The reply is a verbatim copy of the listing below with its images dropped.

··· Data provided ···

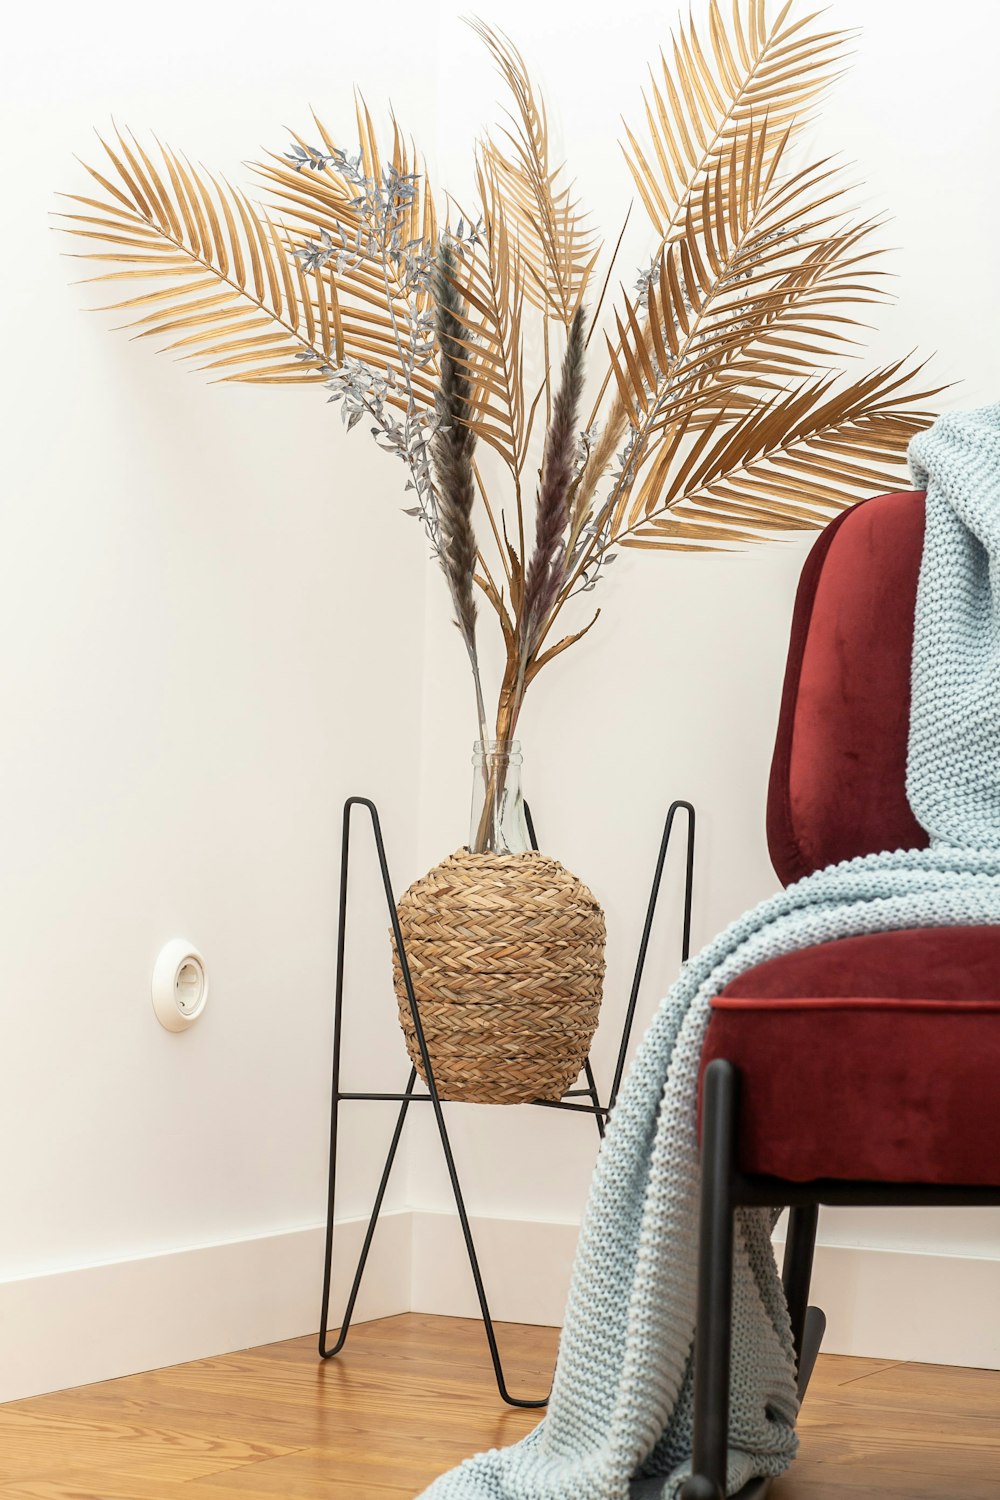 a chair with a blanket on it next to a potted plant
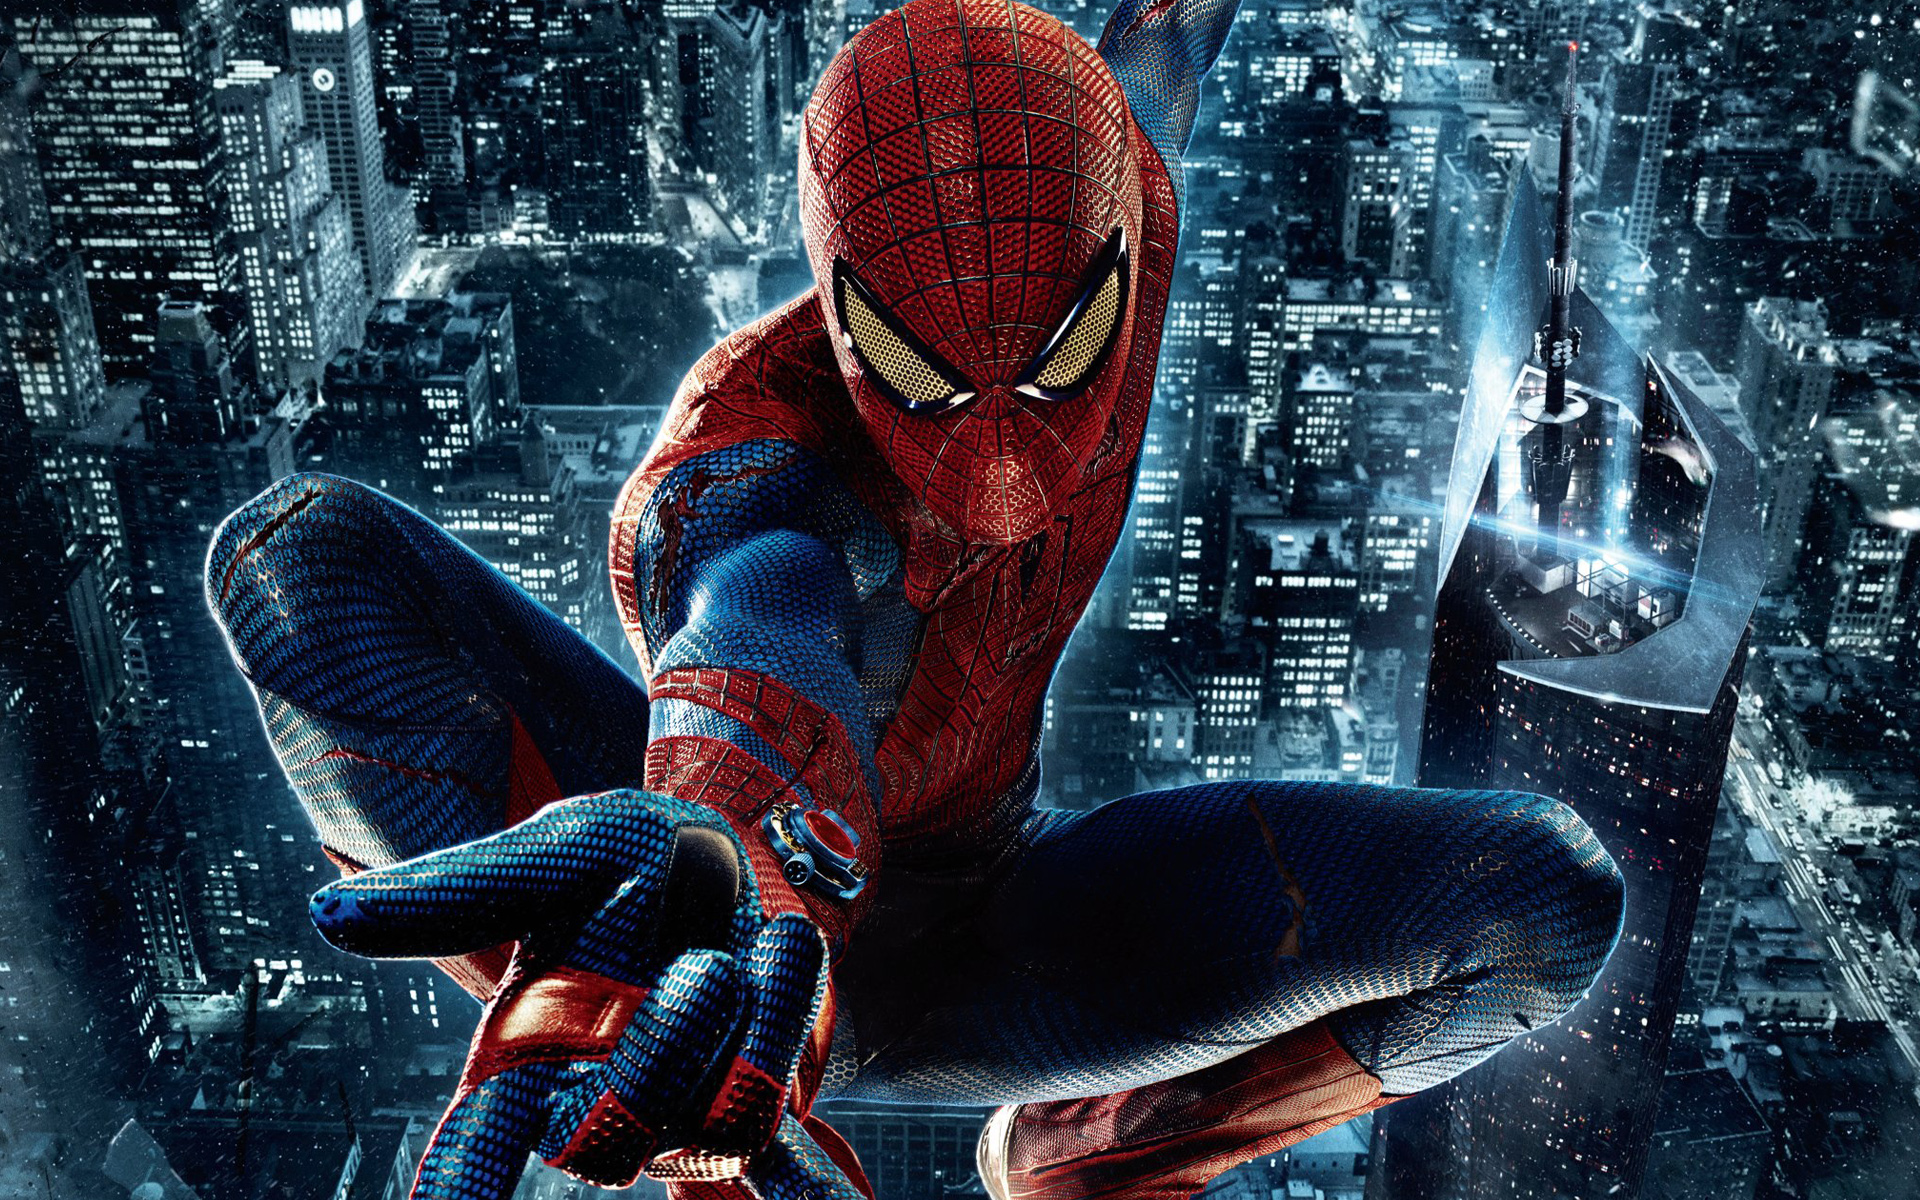 Movie News: Sony announces release dates for The Amazing Spider-Man 3 and 4
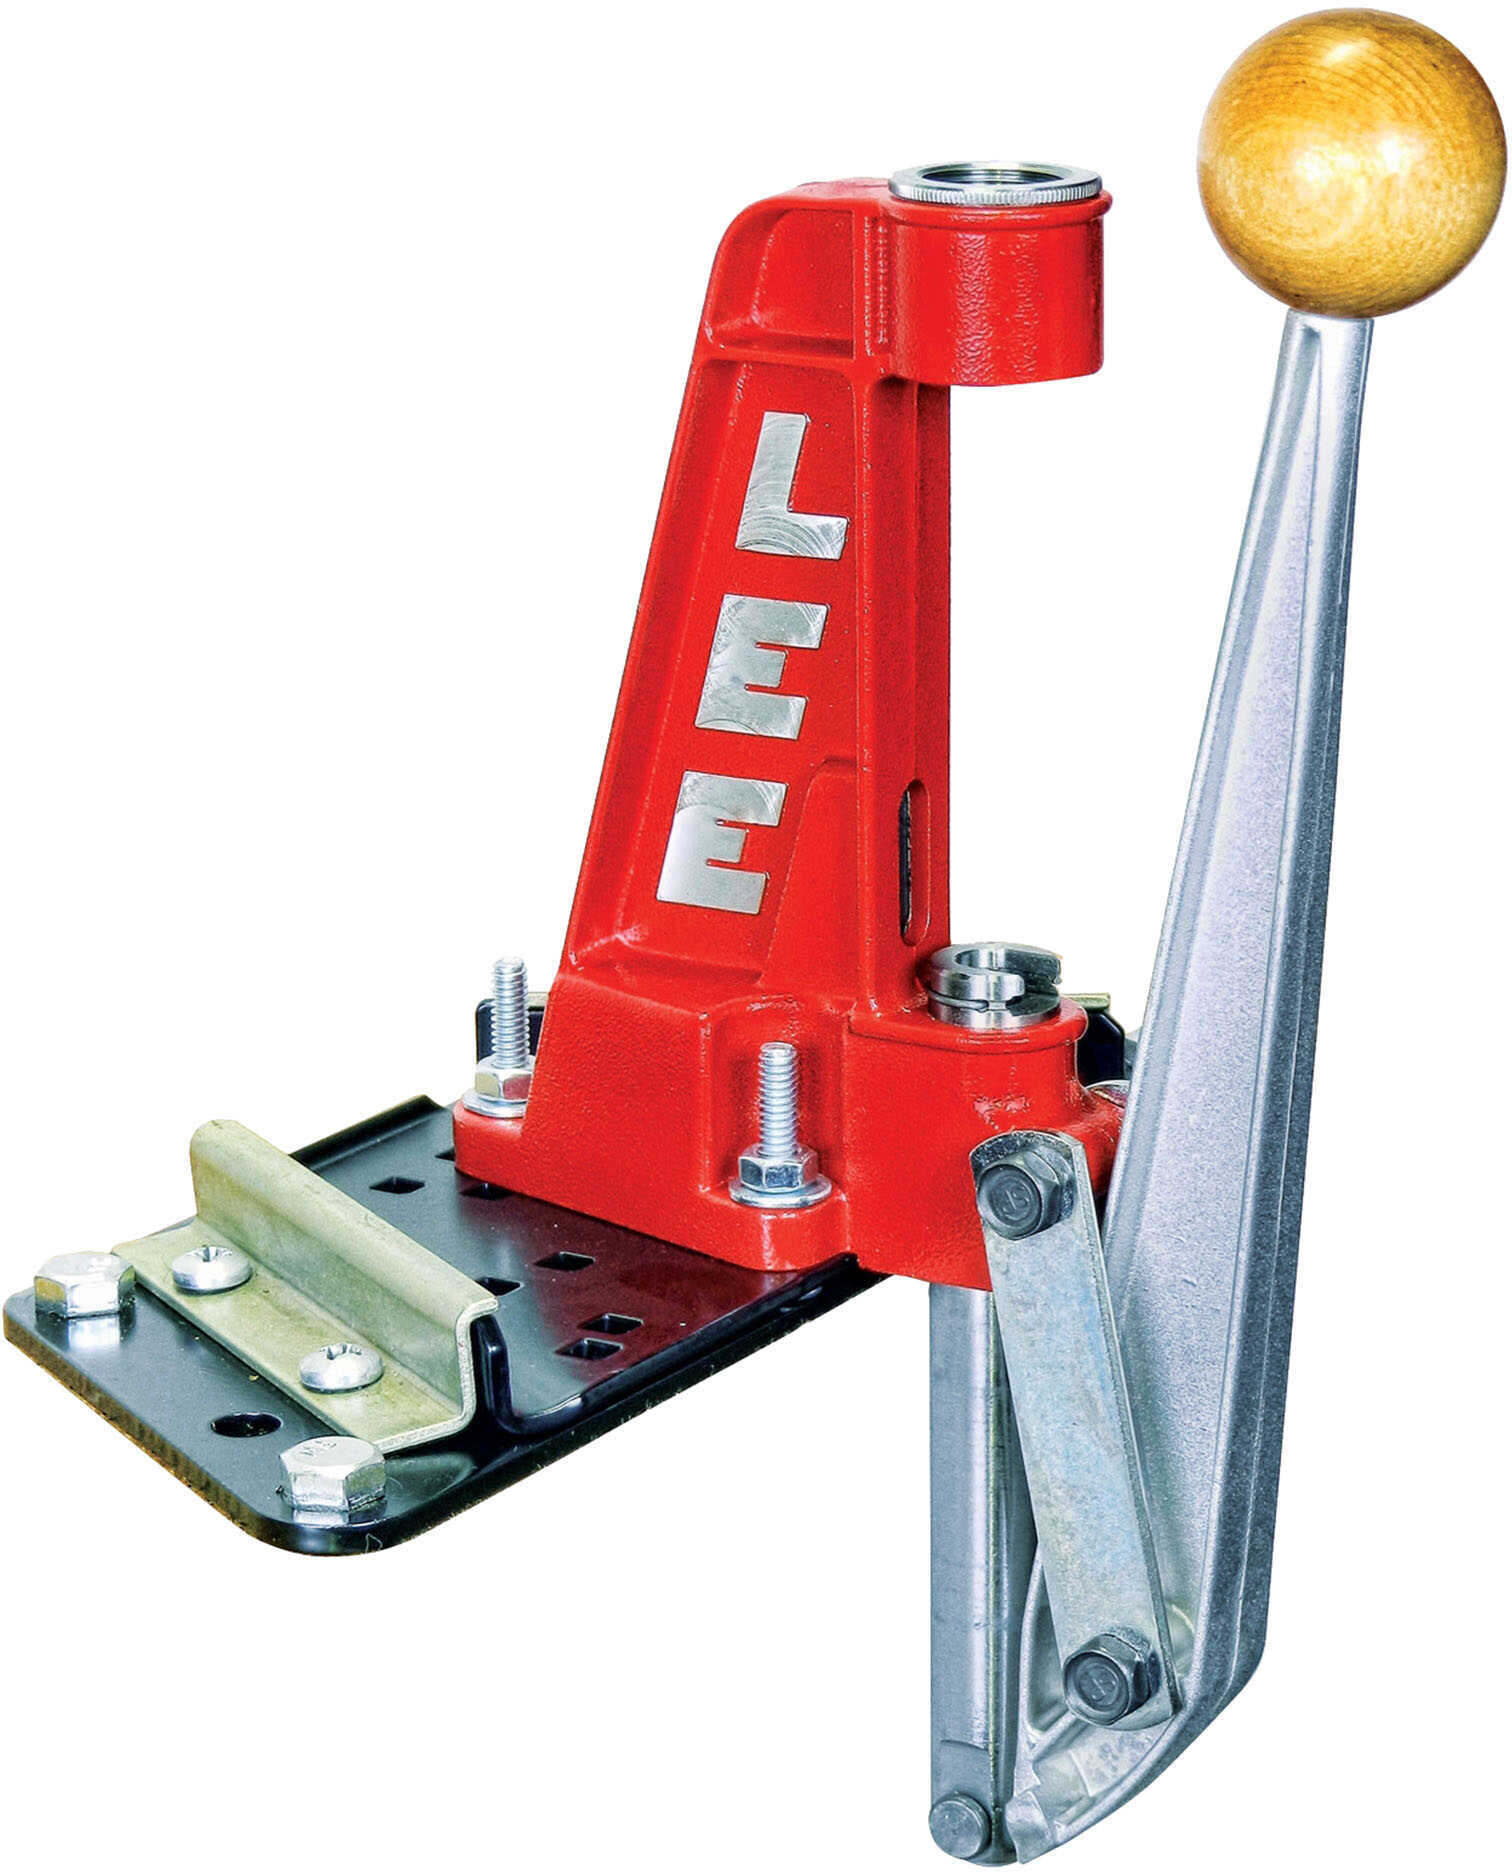 Lee Breech Lock Reloader Press - All Cartridges Up To .460 Weatherby Mag 50/Rd Per hr

···

◆ Completed task:
 a chair with a blanket on it next to a potted plant
 Movie News: Sony announces release dates for The Amazing Spider-Man 3 and 4
 Lee Breech Lock Reloader Press - All Cartridges Up To .460 Weatherby Mag 50/Rd Per hr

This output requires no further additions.